System Design: Personalized Recommendations for a Consumer App
Context
Assume you are building the home-feed recommendations for a large consumer app (choose one: video streaming, news, or e-commerce). For concreteness, you may anchor your design on a video streaming app with both subscription and ad-supported content.

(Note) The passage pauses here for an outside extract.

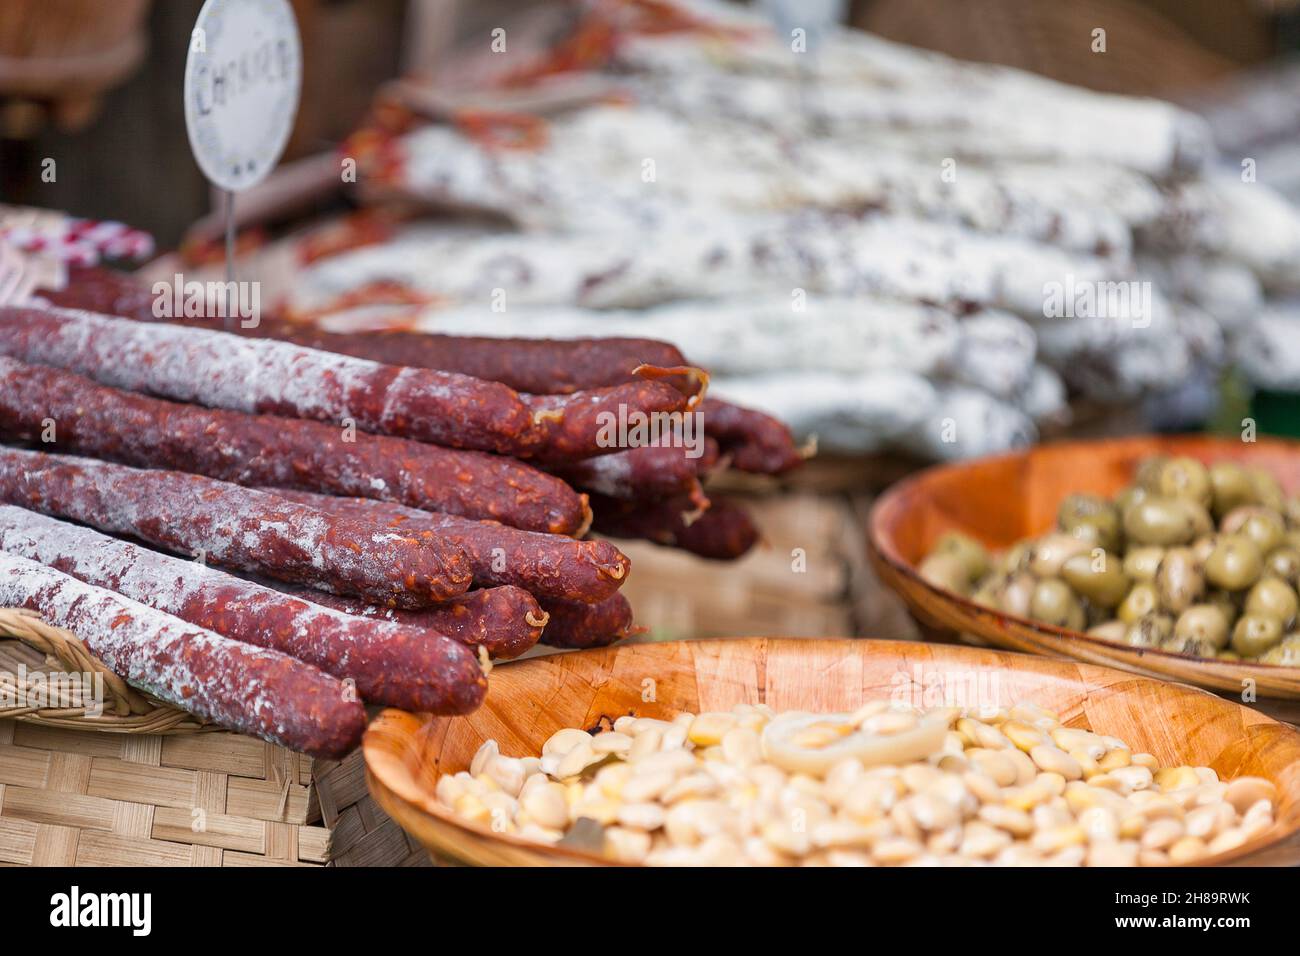 Stack of chorizo sausages and other delicacies for sale on a market stall. Stock Photo

You must propose a production-ready system that balances user experience with engineering constraints.
Requirements
Design an end-to-end personalized recommendation system and address the following:
-
Objectives and Constraints
-
Clarify business objectives (e.g., engagement, retention, revenue) and trade-offs (engagement vs. monetization).
-
Define latency SLAs (p95/p99) and freshness requirements for new content and user signals.
-
Architecture (end-to-end)
-
Data ingestion and logging, streaming vs. batch.
-
Feature store (offline and online parity).
-
Candidate generation (recall) strategies and services.
-
Ranking model(s) and serving.
-
Re-ranking for diversity, deduplication, and business rules.
-
Online inference path and caching.
-
Feedback loops for model updates and real-time features.
-
Modeling and Algorithms
-
Specify models for candidate generation (e.g., two-tower, collaborative filtering, content-based, graph/sequence models) and ranking (e.g., GBDT/DNN/MTL).
-
Handle cold-start for users/items and exploration (e.g., contextual bandits).
-
Real-time updates, deduplication, diversity, and content safety.
-
Evaluation and Experimentation
-
Offline metrics and validation.
-
Online metrics, guardrails, and an A/B testing plan (power, duration, ramping, and guardrails).
-
Scale and Reliability
-
Traffic assumptions, QPS estimates, storage sizing, and sharding.
-
Caching strategy, failure modes, and graceful degradation.
-
Monitoring/alerting (SLOs), privacy, and bias/fairness considerations.
Deliverable
Provide a structured proposal with diagrams-as-text or clear component breakdowns, explicit assumptions, and concrete numbers where helpful (e.g., latency budgets, QPS, storage). Include alternatives and trade-offs where relevant.